Months pass, and I'd read about heat being a factor on NAM, but I had an appointment at Brecht and because I'd fixed my own problem earlier that morning (new plugs and coils, plus finally driving 20 miles on STP gas treatment, I managed to cure a P0301 - misfire on cyl 1) I decided to have them try to adjust/fix the sunroof.
First I want to say their diagnosis of the problem should not have cost me their standard ONE HUNDRED AND EIGHTY DOLLARS. They know this is a design flaw, but they told me, it probably just needs and adjustment and we'll apply the diagnosis fee towards the service. Probably $275 max. That's heinous, but so is losing the use of your $700 sunroof for good because you're too cheap to pay to get it fixed. 30 minutes after I've left the car, they call and say the cassette is damaged and the repair will be $2800 or $3100 if I also need a new motor!
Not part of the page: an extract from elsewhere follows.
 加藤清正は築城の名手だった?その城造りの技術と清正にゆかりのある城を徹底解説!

I argued that for my ONE HUNDRED AND EIGHTY DOLLARS diagnosis that I should at least get some time with the tech walking me through the proceedure. Tech was nice, showed me how it now makes an obnoxious grinding sound that it didn't before I brought it there. Apparently they tried to force it and it broke something that was not broken before.
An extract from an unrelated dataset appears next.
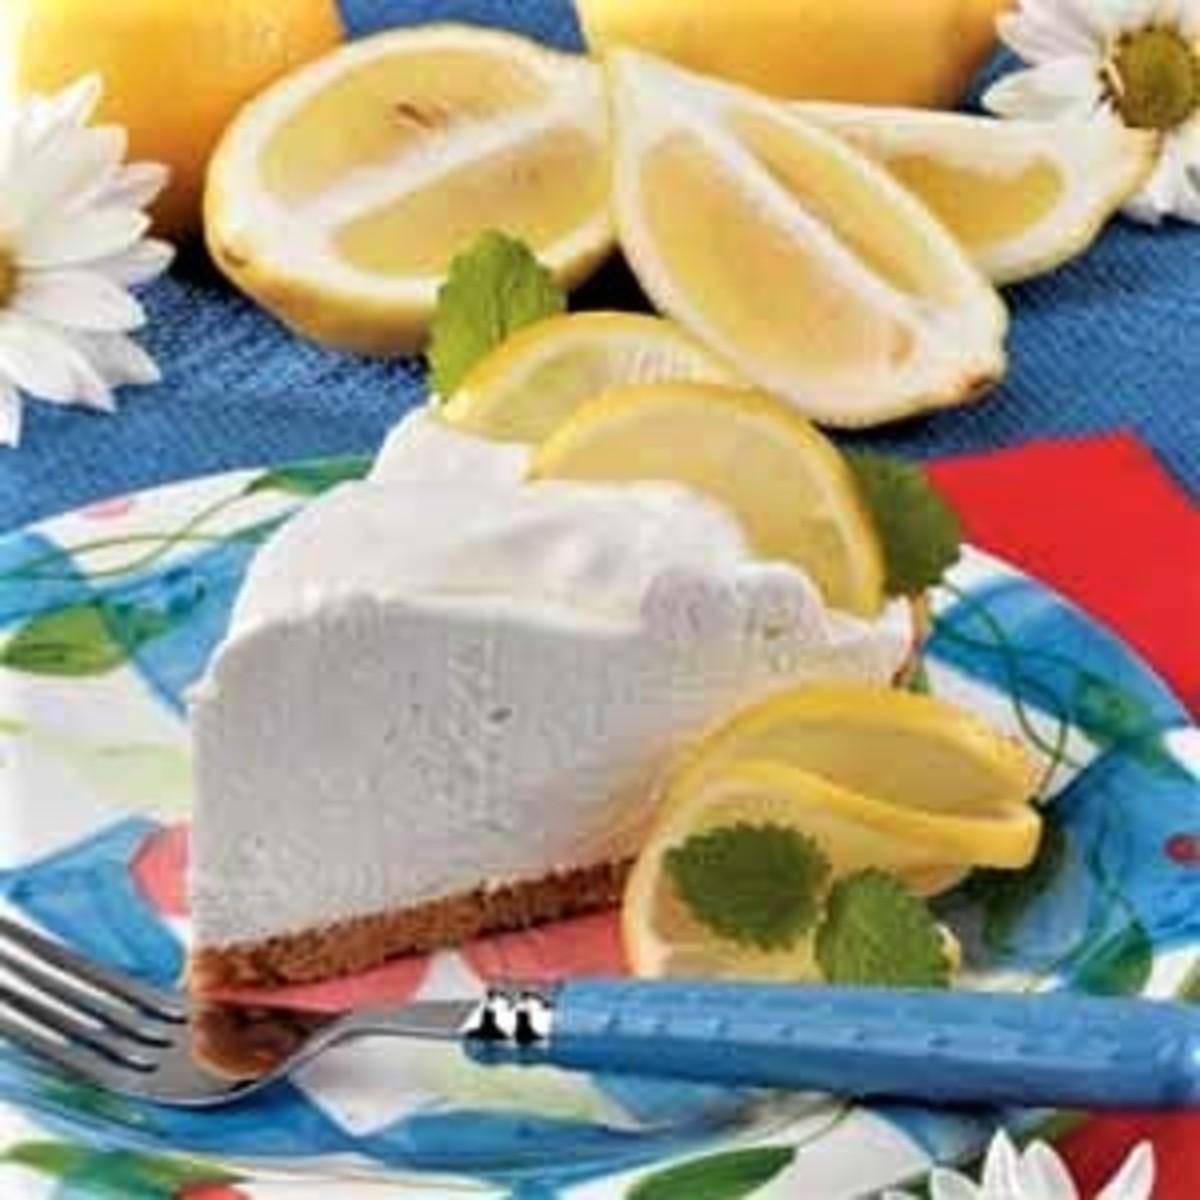 yogurt cream pie

Tech explained that they have to detrim from the beltline up at all 6 pillars to remove the headliner without creasing/ruining it. Also have to remove seatbacks for same reason. Then headliner comes out and $1300 cassette w/glass is replaced. So the quote includes $1500 labor. Again tech tried to be helpful, even suggesting that I try to negotiate some of the labor down with the SA. He also said if I did try to do the job myself, that at the least, he'd advise I bring it in for alignment with their centering jig or the seals will whistle.
I'm livid that San Diego's only dealer (finally getting a second one) gets away with ONE HUNDRED AND EIGHTY DOLLARS to assess every malady. When it's a known problem, and I explicitly told him that I want to be told of the cost before they proceed with any fix, you'd think they'd have the sense to say, let's eat this one and try to be decent to the guy who's just been told his dog'll live, but we have to take a leg. It only took the guy a few minutes of pushing my toggle back and forth to break my motor's gear. There's no way I'll pay $3100 to fix this. I've bought a '48 Chevy truck, two british roadsters, and a BMW 2002, each for less than that. BMW/MINI IS OFF THEIR NUT charging that kind of price for a sunroof frame. The SA told me $1300 included the glass, because when they try to buy the cassette without it, it costs even more. And I can only assume, Brecht decided a long time ago, that they can't do a headliner removal without disassembling the whole interior so they can charge BWM more labor on all of these "rare" cassette changes under warranty. Rare, my ***. The tech knew the technique well and there is no reason to remove the headliner except to do this repair. Others have quoted ~$500 and change for labor, so how do they explain $1500 for labor on a job that is clearly a design defect and is likely one of their top maintenance issues.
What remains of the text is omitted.